At Bitcoin’s actual January 2025 mainnet difficulty level, the requirements become physically absurd. The qubit count rises to approximately 10^23, a number that exceeds the atoms in a large building. The power requirement reaches 10^25 watts, approaching the energy output of a star. The Kardashev scale, the framework physicists use to classify civilisations by their energy consumption, places humanity at roughly Type 0.7. A quantum Bitcoin mining attack at current difficulty would require a Type II civilisation, one that has harnessed the entire energy output of its star.
Nobody is building that. Not China. Not the NSA. Not Google.
So What Is the Actual Threat
Here is where it gets important, because the papers are not saying Bitcoin is safe from quantum computing. They are saying the attack vector everyone has been panicking about is not the real one.
We covered this in detail in March when Google’s quantum paper generated the “9 minutes to crack Bitcoin” headlines that spread across crypto media. Those headlines were about signature vulnerability, not mining. The distinction matters enormously.
Mining is protected by Grover’s algorithm constraints. As the BTQ paper demonstrates, the energy and hardware requirements make a quantum mining attack physically unreachable with any foreseeable technology.

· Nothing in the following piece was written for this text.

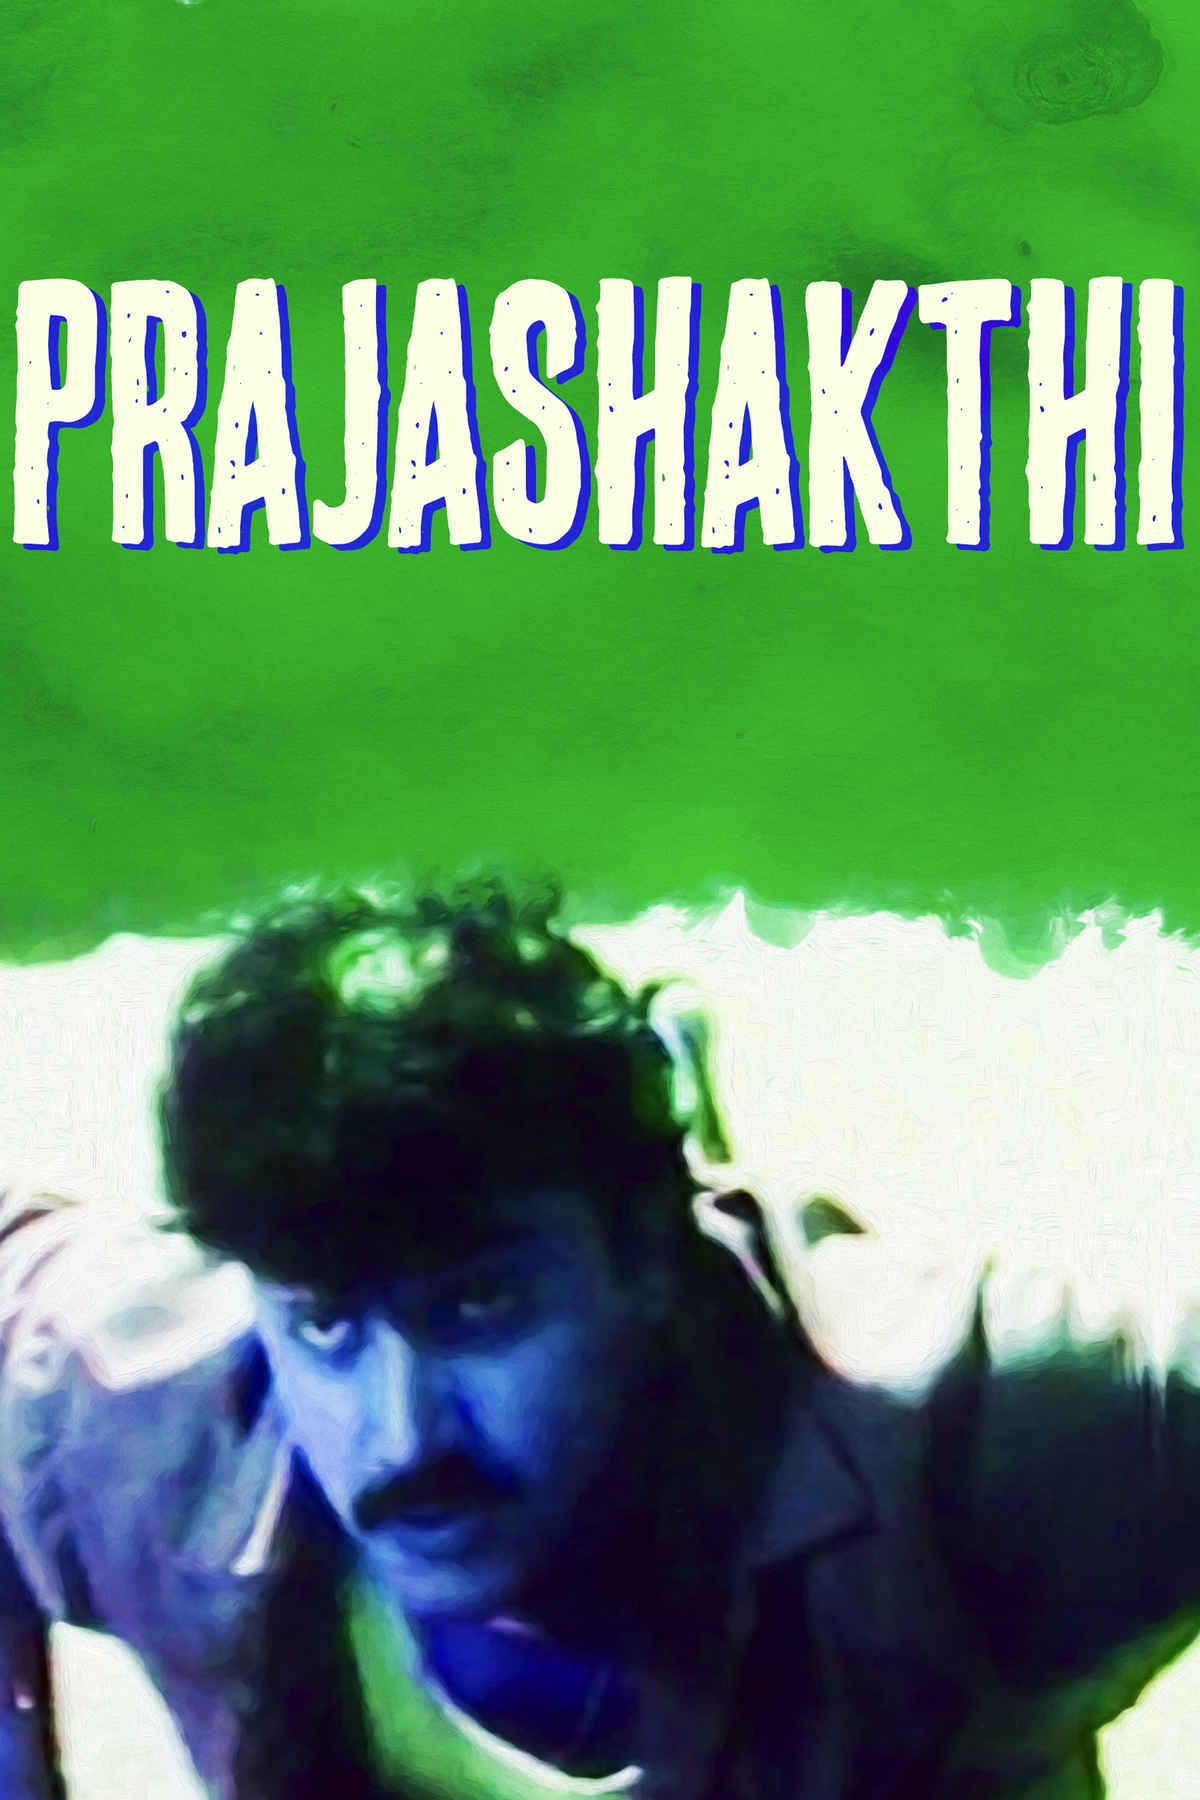 Prajashakthi

Signatures are different. Bitcoin uses elliptic curve cryptography for wallet signatures. Shor’s algorithm, a different quantum approach, attacks this problem exponentially rather than quadratically. The resource requirements for breaking elliptic curve signatures are orders of magnitude more achievable than breaking mining. This is the real near-term quantum threat.
Specifically the threat is concentrated in exposed public keys. When you reuse a Bitcoin address, your public key sits on the blockchain permanently. A sufficiently powerful quantum computer running Shor’s algorithm could derive your private key from your public key and drain the wallet. Estimates put approximately 6.9 million Bitcoin in addresses with exposed public keys, including wallets believed to belong to Satoshi Nakamoto.
We wrote about the 2029 timeline and what developers are already doing about it. BIP-360, the proposal for quantum-resistant Bitcoin addresses, is moving through the development process. The upgrade path exists. The mining threat that generated most of the panic does not.
Why This Matters for How You Read Quantum Headlines
NVK, the founder of Coinkite and one of Bitcoin’s sharpest hardware security thinkers, put it plainly when the BTQ paper dropped: the quantum threat to Bitcoin mining is not the threat. The signature vulnerability is.
This distinction is not academic. If you are a Bitcoin holder making decisions based on quantum risk, the relevant question is not whether someone will build a star-powered quantum mining rig. Nobody is. The relevant question is whether your addresses expose public keys that could be targeted as quantum computing scales toward the threshold where Shor’s algorithm becomes practical against elliptic curve cryptography.
The answer for most addresses created with good practices is no. The answer for old addresses with exposed public keys, including many from the early years of Bitcoin, is increasingly yes as the timeline compresses.
What the two papers together tell you is that the quantum threat to Bitcoin is real, specific, addressable, and nothing like what the headlines suggested. The mining panic was aimed at the wrong target. The signature vulnerability is the thing worth watching, and the developers building BIP-360 are already on it.
The abacus paper should have killed the breathless factoring breakthrough headlines. The BTQ paper should kill the quantum mining panic. What remains after both is the genuine problem, which is narrower, more solvable, and already being solved.